Anthropic hit 80x growth on 10x capacity planning, killed the flat-rate Claude subsidy, and is leasing 220,000 GPUs from a competitor to keep the lights on — while 59% of production tokens are now agentic workloads that your single-turn eval harness doesn't measure and your cost model underestimates by 5x. Re-price your Claude budget this week, rebuild your eval around trajectories this sprint, and add a provider-routing layer before June 15 or you're making a $30B vendor's IPO margin target a line item on your quarterly invoice.
Frequently asked
- What exactly changed with Anthropic's Claude subscriptions this week?
- Anthropic converted flat-rate paid subscriptions into dollar-matched API credits billed at list price. Programmatic usage through the Agent SDK, GitHub Actions, claude-p, and third-party harnesses like Zed and OpenCode now meters against those credits, which removes the 70–90% effective discount developers were running on Max plans. Claude Code interactive limits were doubled and the peak throttle was removed, but the subsidy on programmatic access is structurally over.
- How do I figure out if the new credit cap is a real price hike or a rounding error for my team?

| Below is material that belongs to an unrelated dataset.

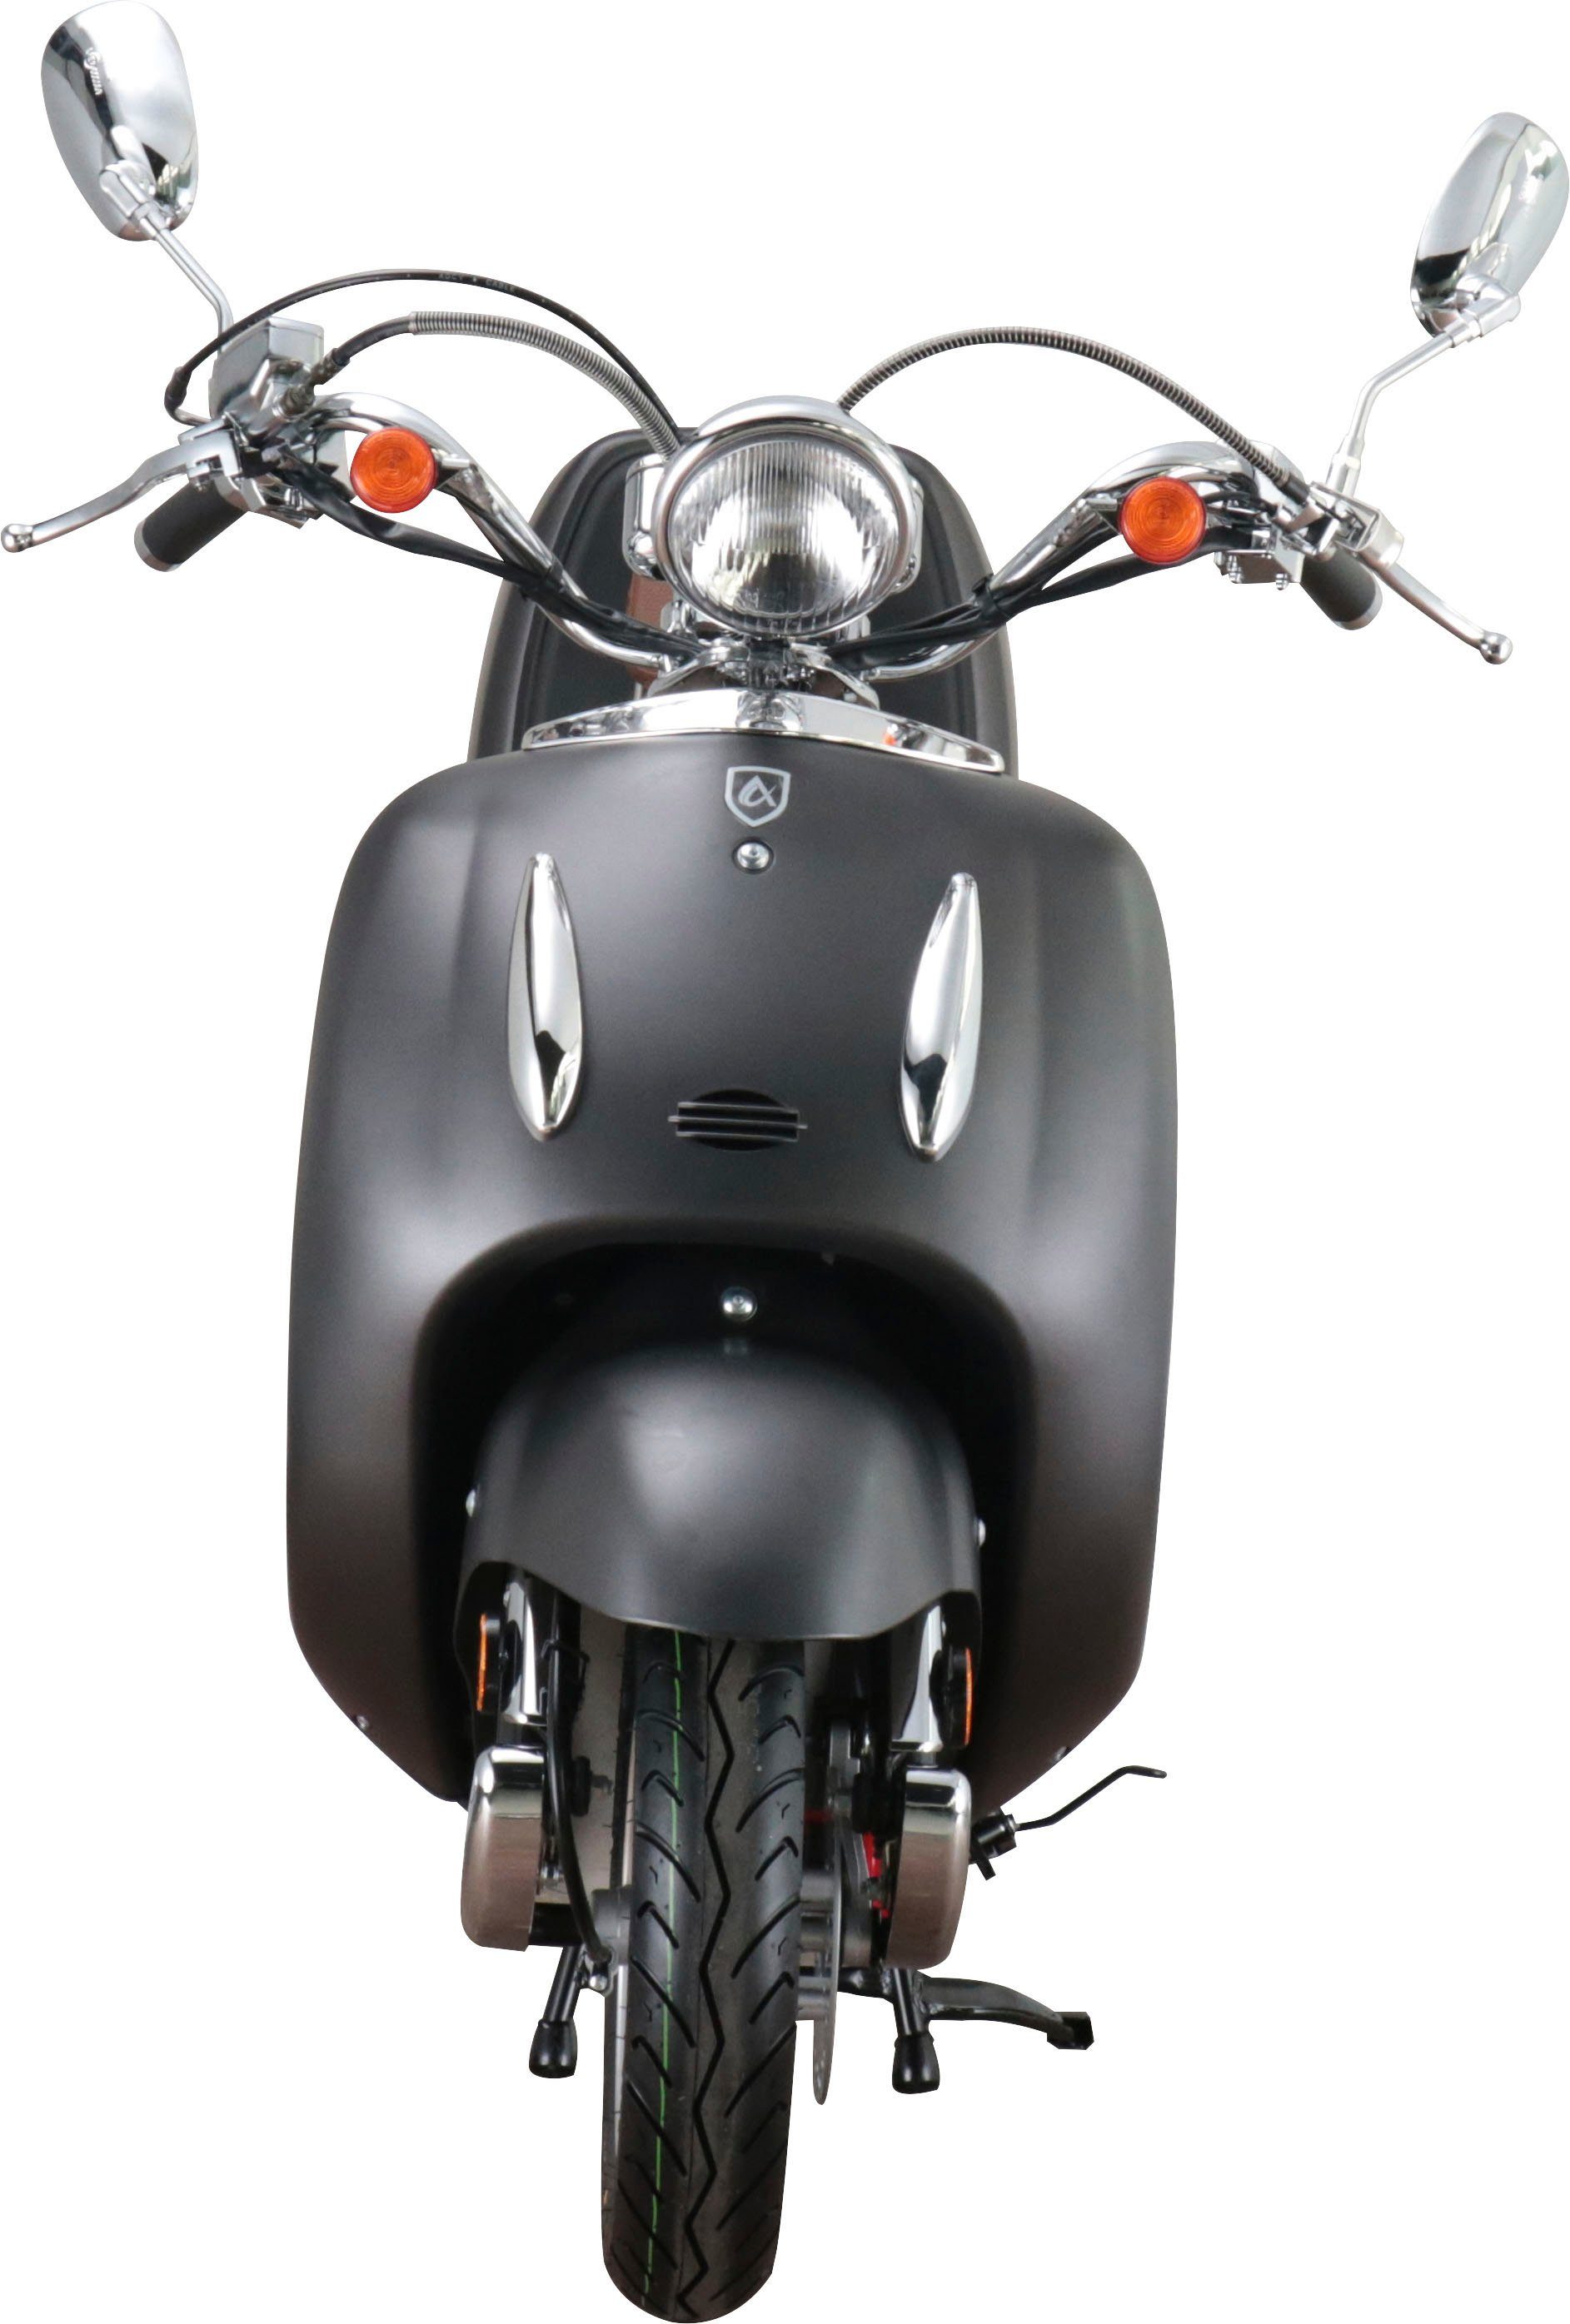 45 Retro | inkl. ccm, Alpha Firenze, Motors Euro mattschwarz 50 braun Motorroller Topcase km/h, 5,

- Reconcile each Claude-backed workload against the new metered rate and compare projected token burn to your credit cap. The delta depends on token mix: heavy Agent SDK and GitHub Actions traffic that previously rode unlimited subscriptions will see the largest hit, while interactive Claude Code usage may actually improve under doubled limits. Without per-user, per-feature gateway telemetry you cannot answer the question, which is how ServiceNow burned its full-year budget by May.
- Is the OpenAI Codex switch promo worth taking seriously, or just a marketing stunt?
- It is worth running as a free head-to-head evaluation window, not as a migration commitment. Two months of free Codex enterprise access lets you benchmark on matched prompts and tool schemas with asymmetric payoff. Instrument with trajectory-level metrics — tool-call precision, steps-to-completion, cost-per-successful-task — because pass@1 will not tell you which model your agents actually finish work on.
- Why are single-turn cost models off by roughly 5x for agentic workloads?
- Agentic traces run input-to-output ratios closer to 15:1, versus the 3:1 assumption baked into older single-turn models, and cache reuse varies by provider. Vercel's gateway data across 200K teams shows agentic traffic is now 59% of token volume, with Anthropic capturing 61% of spend on planning nodes and Google 38% of volume on throughput work. A forecast built on last year's ratio understates spend by about five times, and the error is asymmetric across vendors.
- Which training efficiency result should I prioritize testing this quarter?
- Token Superposition Training is the lowest-risk spike because it changes only the pretraining recipe, with no inference-side architecture change, and it has been validated from 270M up to a 10B-A1B MoE. A matched-FLOP 1B continued-pretraining run is enough to see if the claimed 2–3x wall-clock holds; even a 1.6x result pays for itself on the next full run. Datology's curation finding is also immediately actionable without reproducing the paper — audit data quality before scaling compute further.